The floating-point conditional move operator on the PPC is called fsel, which works like:

fsel f0, f1, f2, f3 // f0 = ( f1 >= 0 ? f2 : f3 )

The most recent version of the compiler I use is pretty good at compiling this automatically for cases like this:

return a >= 0 ? b : c; fsel fr1,fr1,fr2,fr3

and it even does the right thing with this:

// float a, b, c, d, e, f;
return ( a >= 0 ? b + 1 : c + 2 ) +
   ( d >= 0 ? e + 1 : f + 2 ) ;
; fr1 = a, fr2 = b, fr3 = c,
; fr4 = d, fr5 = e, fr6 = f
; fr0 = 1.0, fr13 = 2.0f
 fadds   fr12,fr2,fr0      ; fr12 = a + 1
 fadds   fr11,fr3,fr13     ; fr11 = c + 2
 fadds   fr10,fr5,fr0      ; fr10 = e + 1
 fadds   fr9,fr6,fr13      ; fr9  = f + 2
 fsel    fr8,fr1,fr12,fr11 ; fr8  = a >= 0 ? fr12 : fr11
 fsel    fr7,fr4,fr10,fr9  ; fr7  = d >= 0 ? fr10 : fr9
 fadds   fr1,fr8,fr7     ; return = fr8 + fr7

but it has trouble with more complicated scenarios like this:

// float a, b, c, d;

return a >= b ? c : d;

; fr1 = a, fr2 = b, fr3 = c, fr4 = d
fcmpu        cr6,fr1,fr2  ; compare fr1 and fr2
blt          cr6,$LN3     ; if compare result was 
                          ; "less than", GOTO $LN3
fmr          fr1,fr3      ; move fr3 to fr1
blr                       ; return
fmr          fr1,fr4      ; move fr4 to fr1
blr                       ; return

and if you use an if/else block instead of the ternary operator, all bets are off.

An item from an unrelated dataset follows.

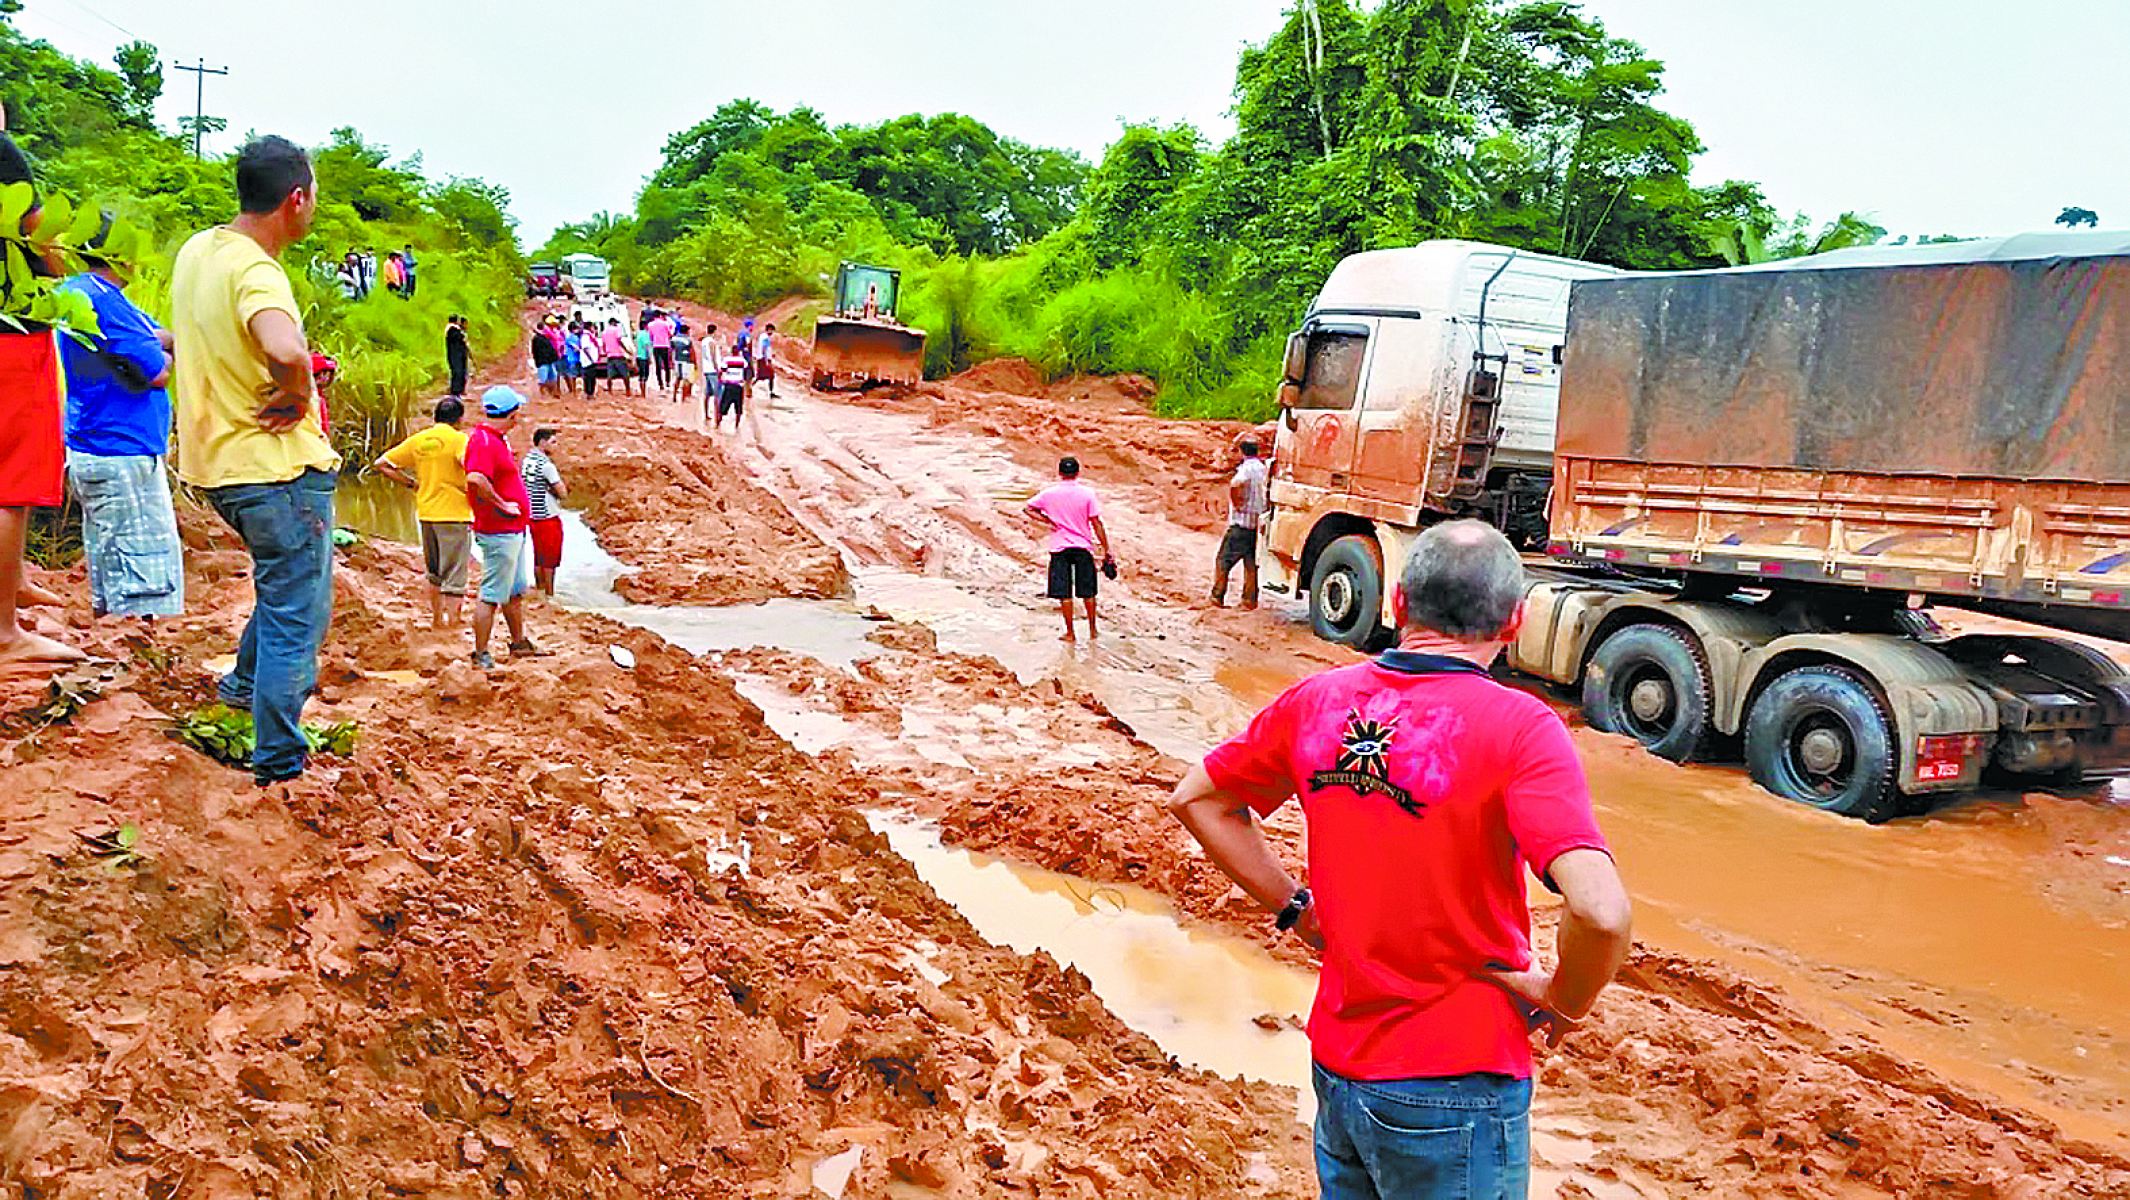 Série rodovias Transamazônica, um lamaçal de problemas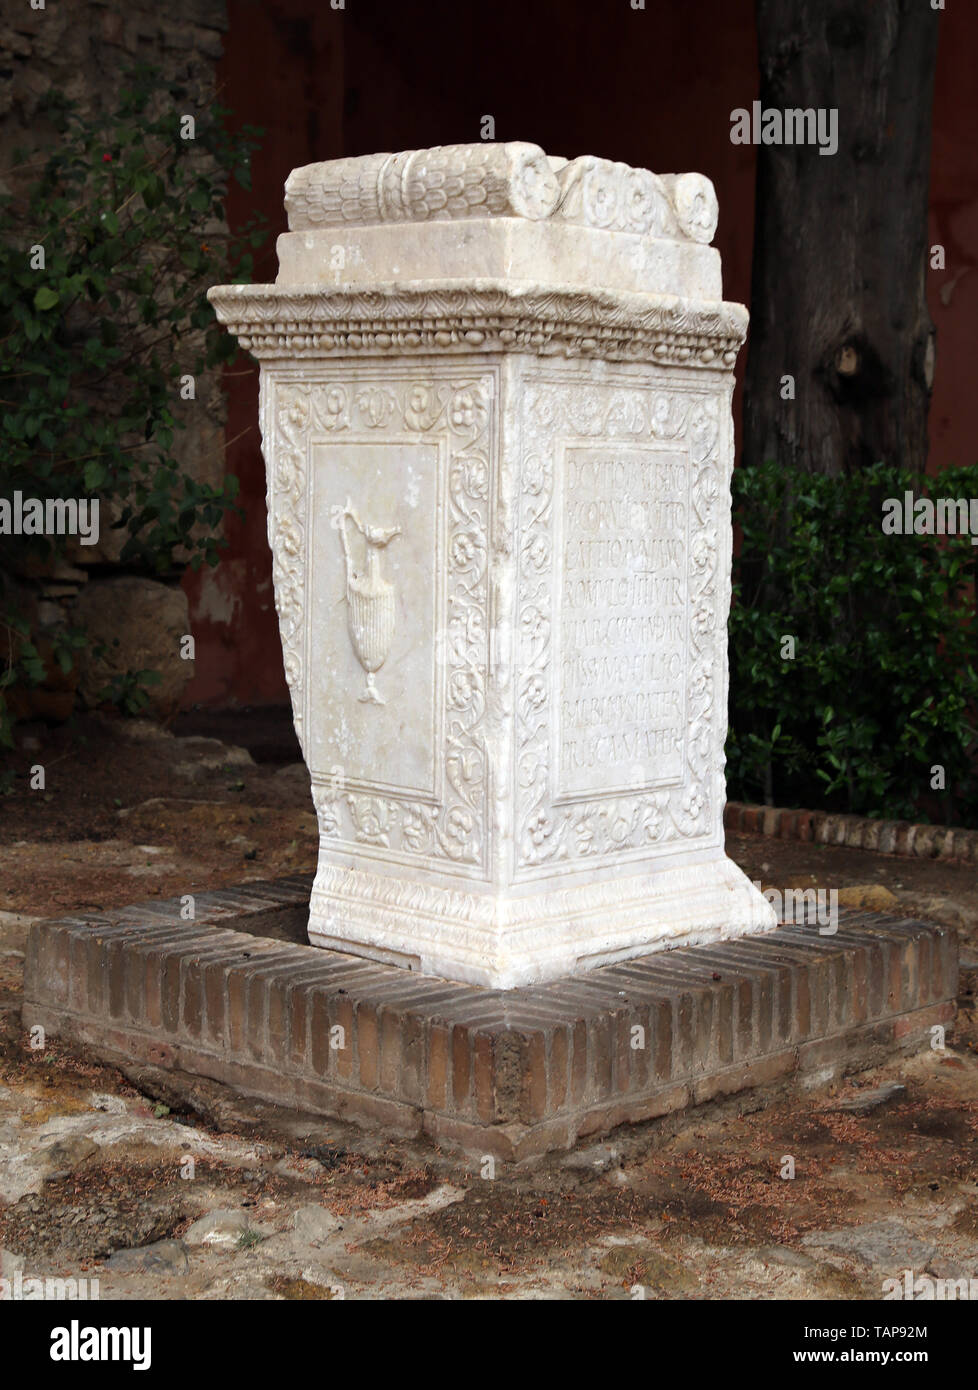 Spanien. Sevilla. Alcazar. Römischen grabkunst Altar mit der Inschrift. Unbekannter Herkunft. Stockfoto

So, for these more complex cases, the compiler exposes as an intrinsic with a prototype something like:

float fsel( float a, float x, float y );
// equivalent to { return a >= 0 ? x : y ; }

A compiler intrinsic looks like an ordinary C++ function but compiles directly to the native hardware instruction, providing you with direct access to the opcode without having to actually write assembly. The caveat is that the hardware fcmp can only perform a ≥ 0 comparison (on the PPC anyway), so for complex conditionals like

if ( a / 2 < b + 3 ) { return c; } else { return d; }

you need to do a little algebra to transform the inequality a / 2 < b + 3 into a - 2b - 6 < 0 and then, because x < 0 ≡ ¬(x ? 0), flip the order of the operands to get return _fsel( a - 2*b - 6, d, c );. Once you’ve got everything fed into the intrinsic, the compiler can do a good job of scheduling your other instructions.

Life beyond if

The advantage of conditional moves comes when you use them to eliminate branching from a complex mathematical operation altogether. The most obvious cases are something like the good old min( float a, float b ) { return a <= b ? a : b } which becomes return _fsel( b – a, a, b ); which means you get through something wacky like x += min(a,b) * max(c,d) without any branches at all.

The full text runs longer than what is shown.